In fact, this aspect of quantum mechanics has been part of a lively debate since the beginning of the theory. Many people, including Albert Einstein, were not happy with the indeterministic description of events at the quantum level. You must have heard his famous quote, “God does not play dice”. He believed that the theory was incomplete and likely missing some hidden variables that would restore the classical world, like determinism in the quantum world, when added to the description.


However, countless experiments in the last 100 years have ruled out the possibility of these hidden variable theories. And our best understanding of nature at the quantum level is the one provided by quantum mechanics, which in principle does not allow us to predict the outcome of the toss of a quantum coin.

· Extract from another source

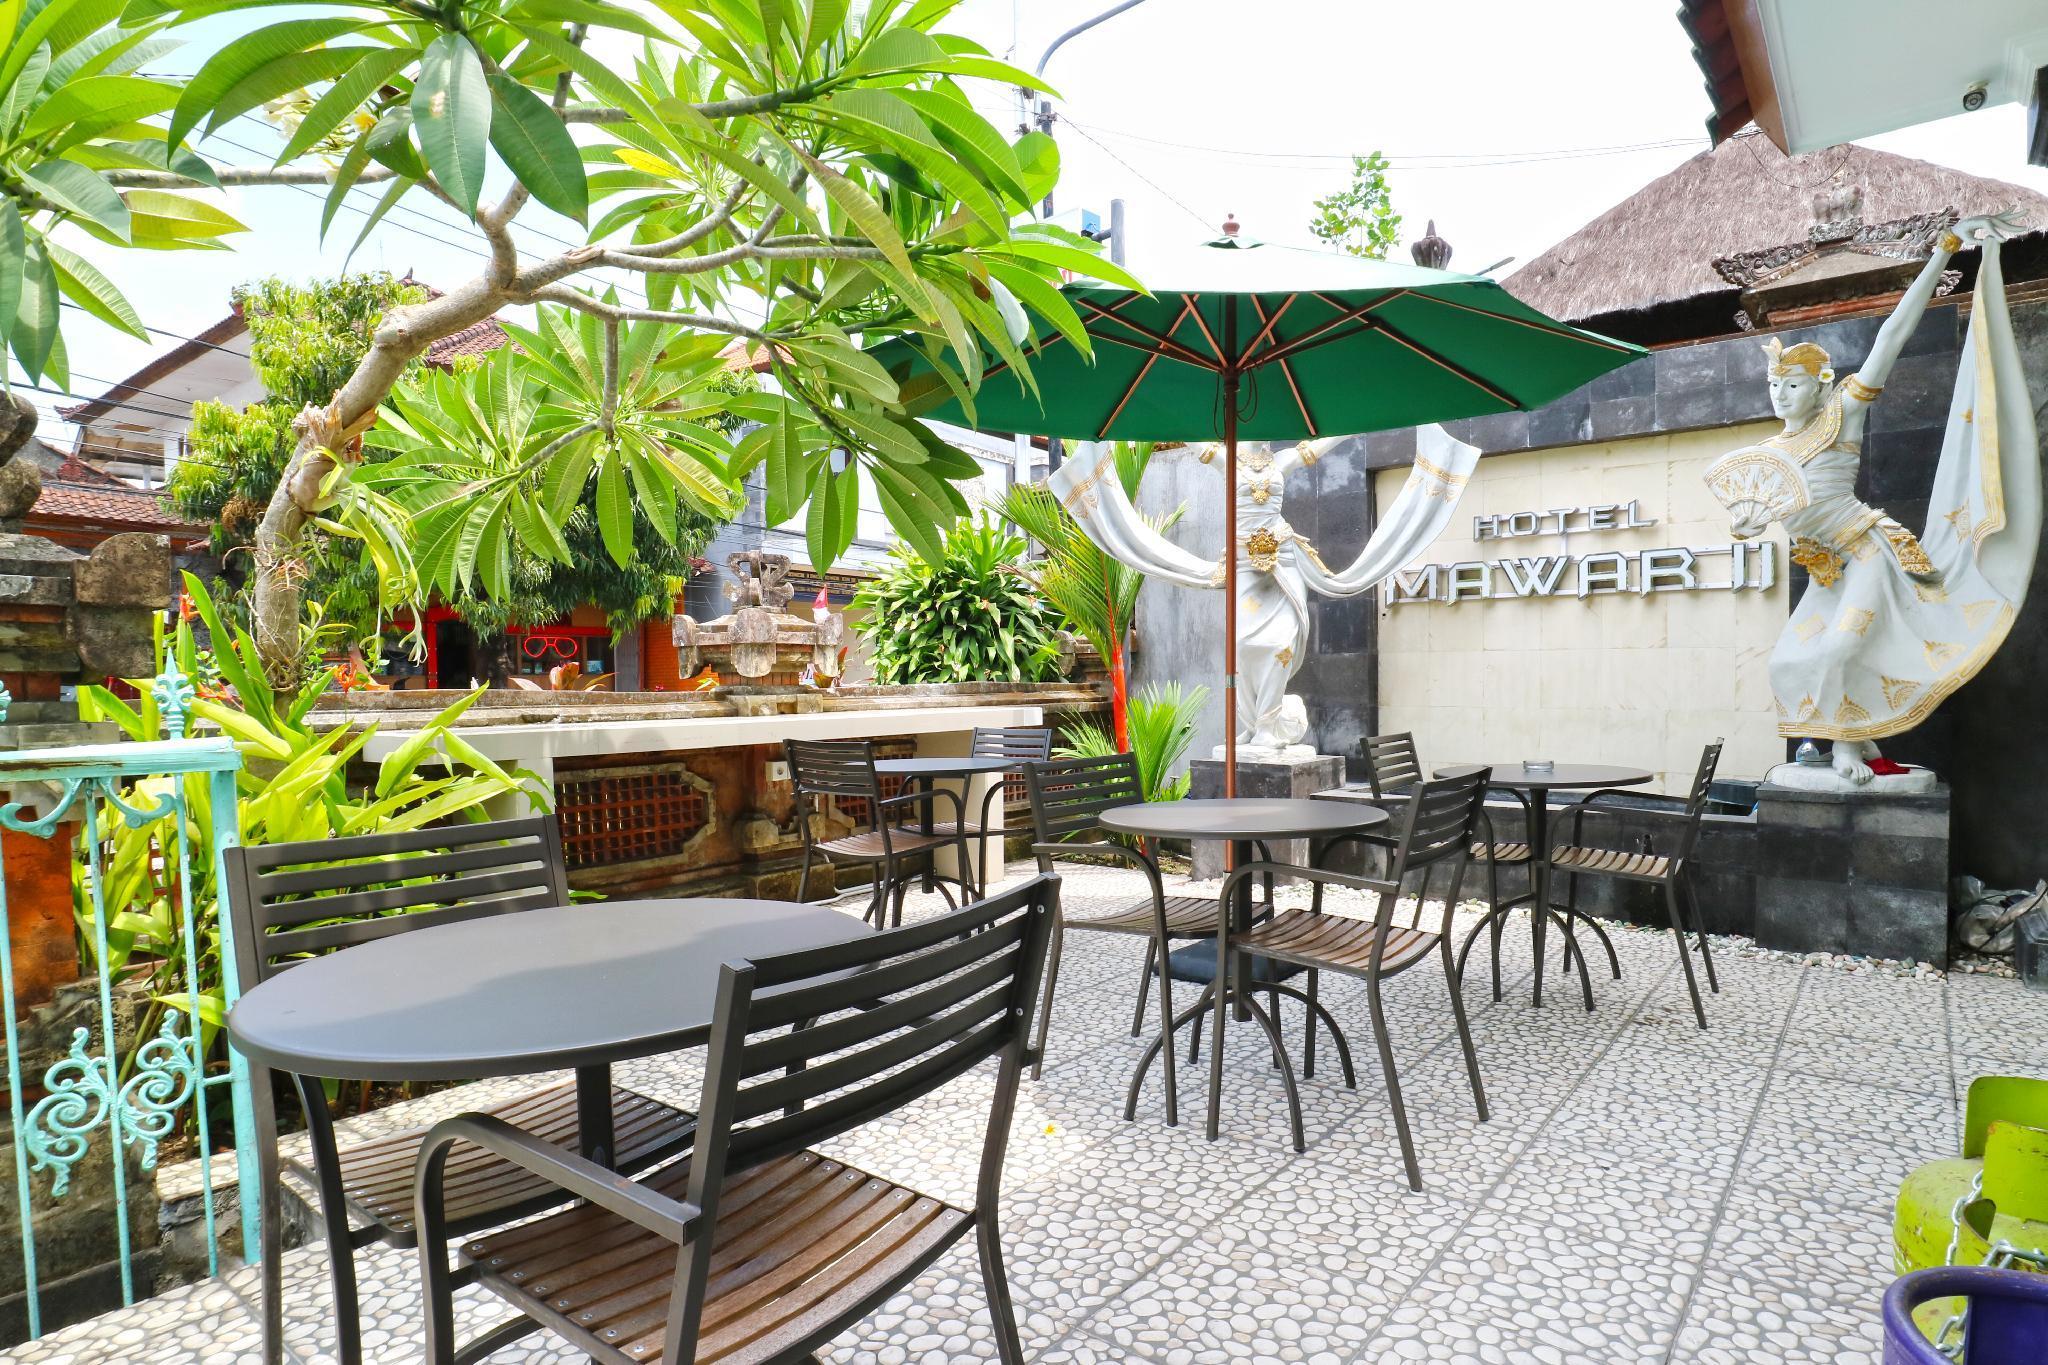 Hotel Mawar II, Denpasar

The key point up to this point is that for a classical random process, the information is present but may not be accessible, but the quantum process is inherently random. There is no missing information.


Armed with this understanding of random processes in the classical and quantum worlds, we are ready to explore the really big questions in the biological world. First, you can appreciate that the free will absent in the deterministic world of classical laws can be restored thanks to the indeterminism in the quantum world. The only thing we have to explore is to look for quantum signatures in the brain's functioning. Many people have suggested this before, but present-day technology promises experimental verification. We might soon hear fantastic news from people doing quantum biology.

Design in disguise?

Then there is this other question that I wish to talk about. Consider life. There are two dominant theories regarding the emergence of life on this planet. Either we are part of some intelligent design, or life emerged on the planet as an accident, and through random mutations, it evolved into all the life forms we witness today (and sadly, the ones we have eradicated from the planet). Science naturally favors the second view. But most of the people who favor the scientific view do not realize that there is still the possibility of the design in their worldview. This is because we still have to determine if the processes causing mutation in a genome are governed by classical or quantum laws.


If classical laws can satisfactorily model these mutations, then these are not random. These are deterministic processes for which the information, aka design, was already present.


Whether someone had that information (The almighty God?) or not is a separate question and can be subjectively answered. What can be objectively ascertained is that a design was available. This is a unique perspective on the natural selection vs. intelligent design debate that a physicist offers. More research in quantum biology and exploration of quantum signatures in genetic mutations will tell if we are part of a design or result of truly random accidents.


Quantum biology will reveal if we are designed.


Lastly, I wish to propose an experiment to explore the thought processes as I promised. With some patience and a lot of courage, you can easily do this experiment at home. Take a piece of paper and write a few random numbers on it. Fold the paper and put it in a box. Put the box aside. Now, wait for a couple of weeks. Meanwhile, do not try to recall the numbers you have written. Obviously, do not open the box. After a couple of weeks, take another piece of paper, again write a few random numbers on it, and put it in the same box. Again wait for a couple of weeks and repeat. Over an extended period of time (say a year or six months), you would have a lot of folded papers in the box.


Now open the box and look at all the random numbers you have written over time. Are they all random? Are there some favorite random numbers? Are there patterns? Is there a design?